◆ MATERIAL PROVIDED ◆
+++++

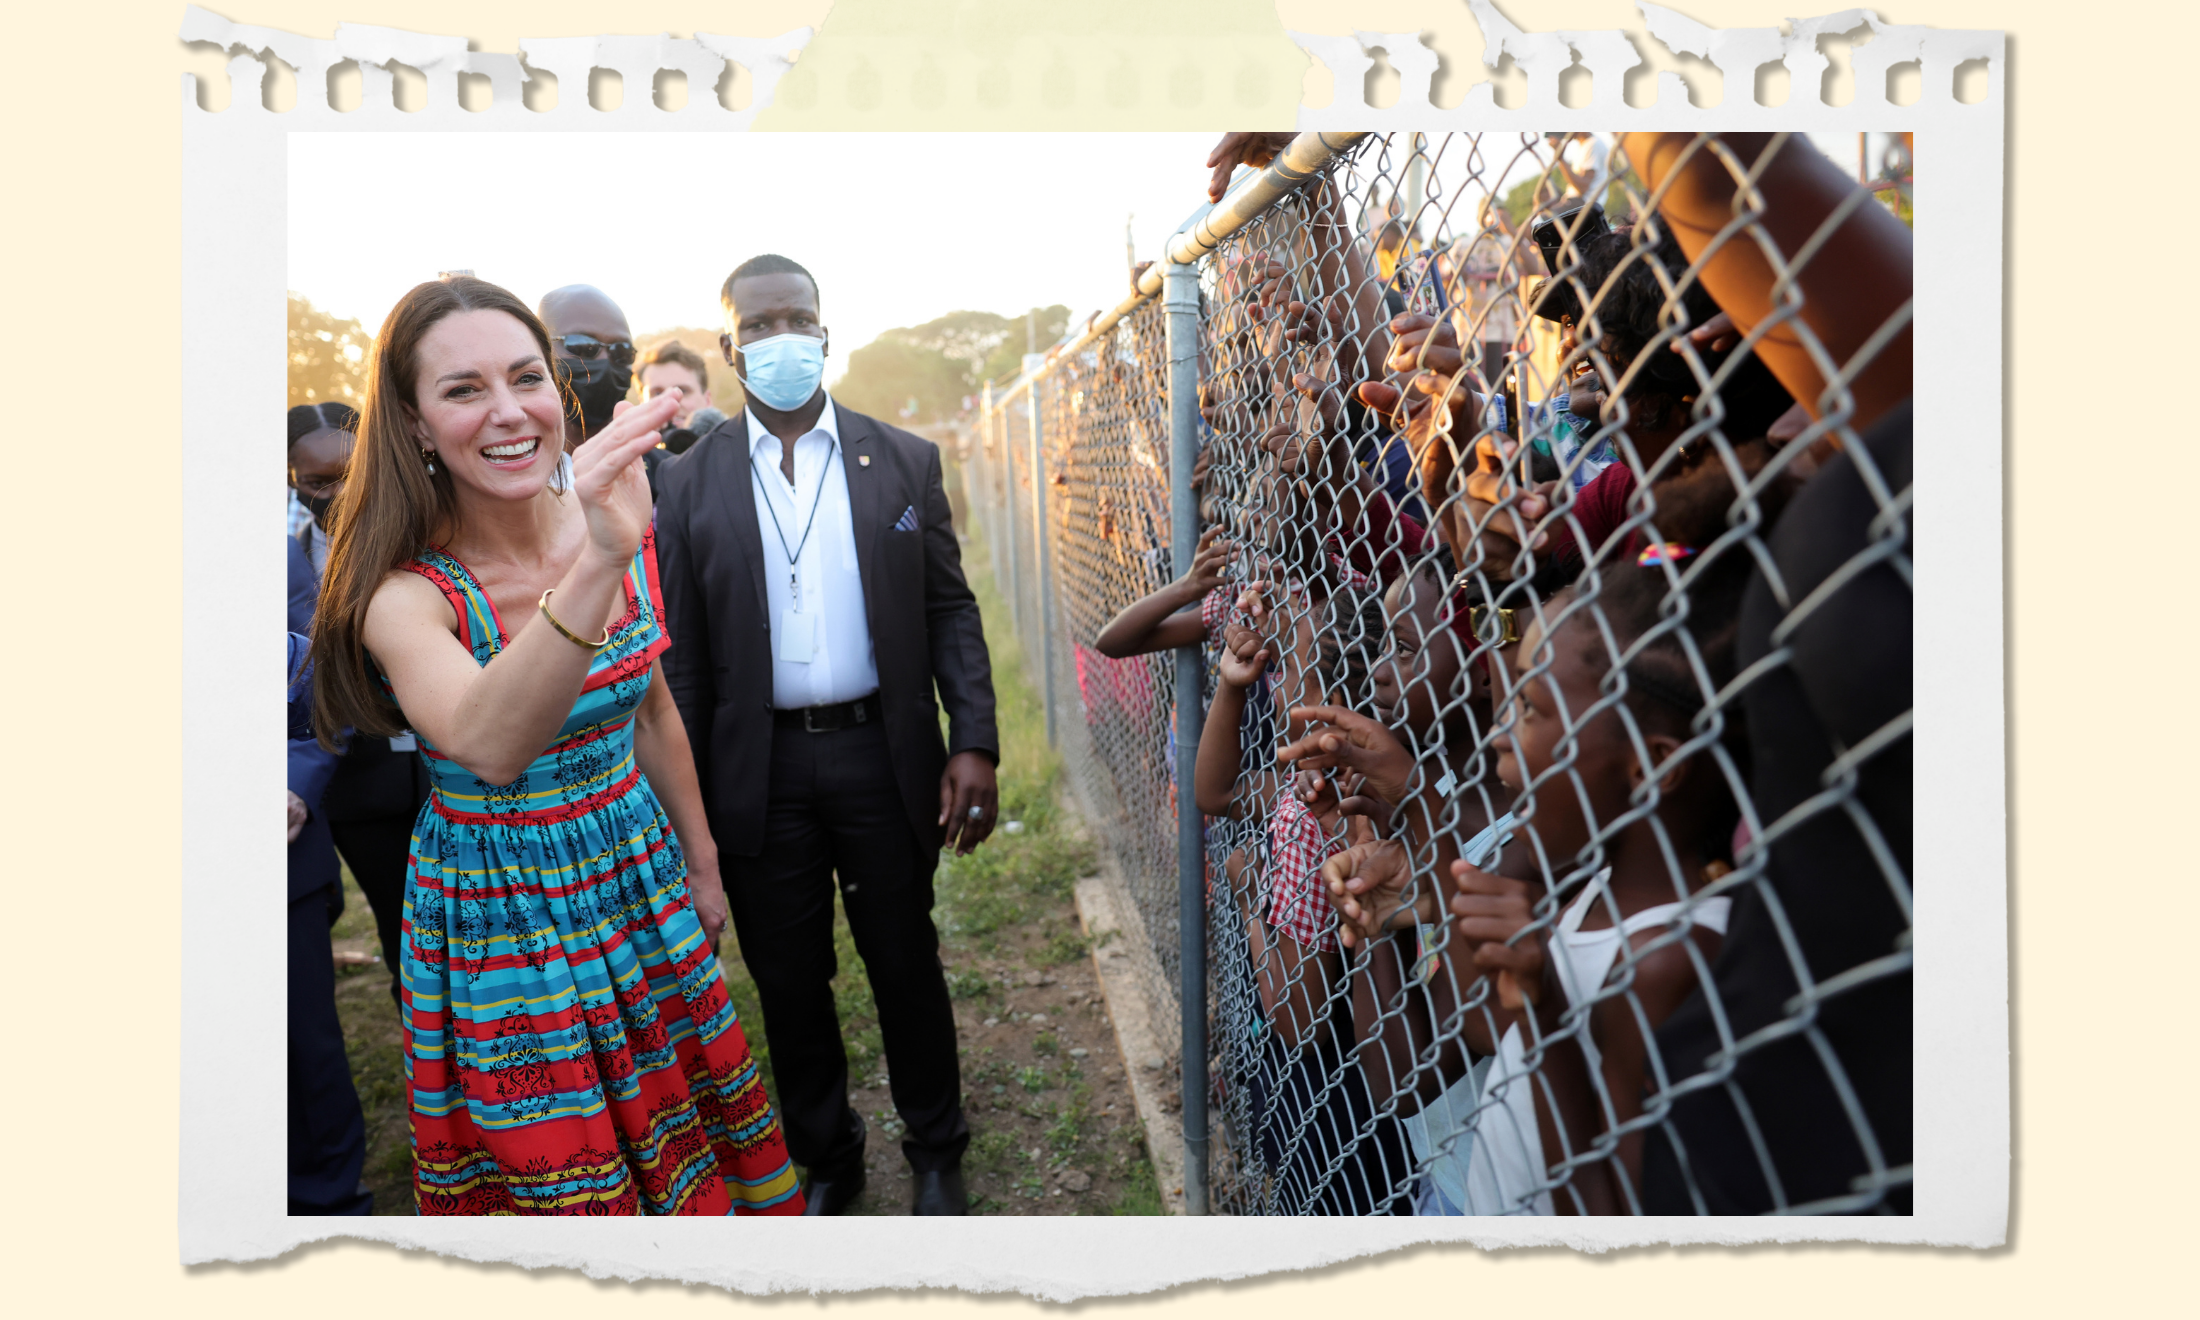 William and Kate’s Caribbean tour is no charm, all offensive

+++++

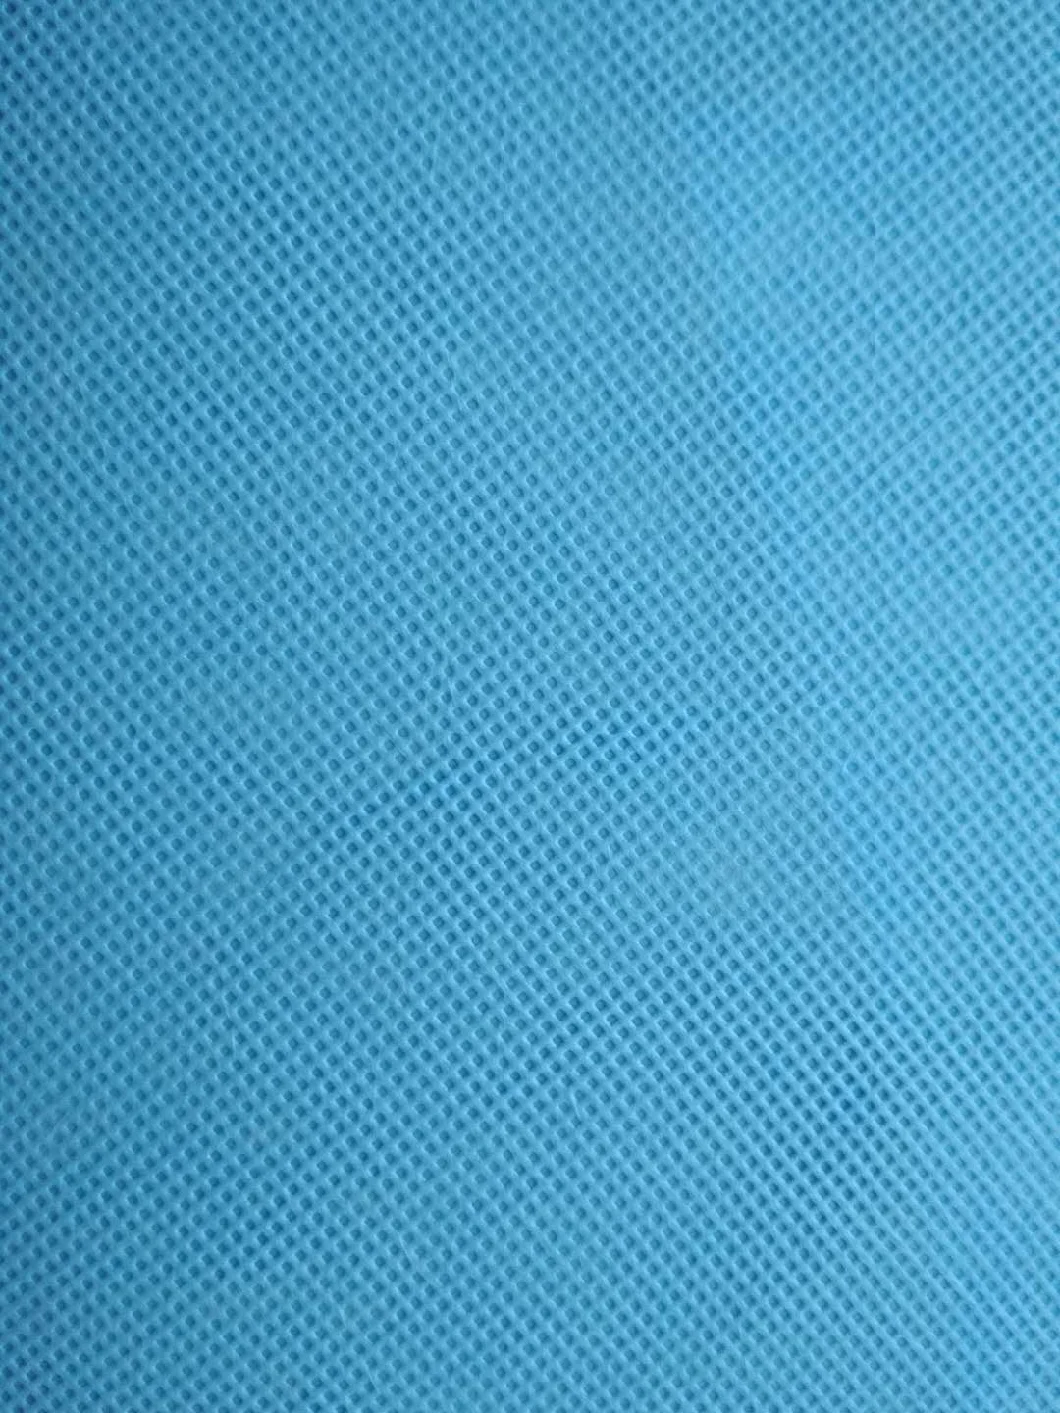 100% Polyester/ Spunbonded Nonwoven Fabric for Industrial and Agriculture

+++++

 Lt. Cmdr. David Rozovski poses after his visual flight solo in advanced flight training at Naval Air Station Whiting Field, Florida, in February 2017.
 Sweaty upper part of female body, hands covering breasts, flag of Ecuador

+++++

◆ WHAT THE TASK REQUIRES ◆
Each line above from the one with "Lt. Cmdr. David" up to and including the one with "Sweaty upper part" must be set down exactly, and no line outside that span may appear.

◆ TASK ANSWER ◆
 Lt. Cmdr. David Rozovski poses after his visual flight solo in advanced flight training at Naval Air Station Whiting Field, Florida, in February 2017.
 Sweaty upper part of female body, hands covering breasts, flag of Ecuador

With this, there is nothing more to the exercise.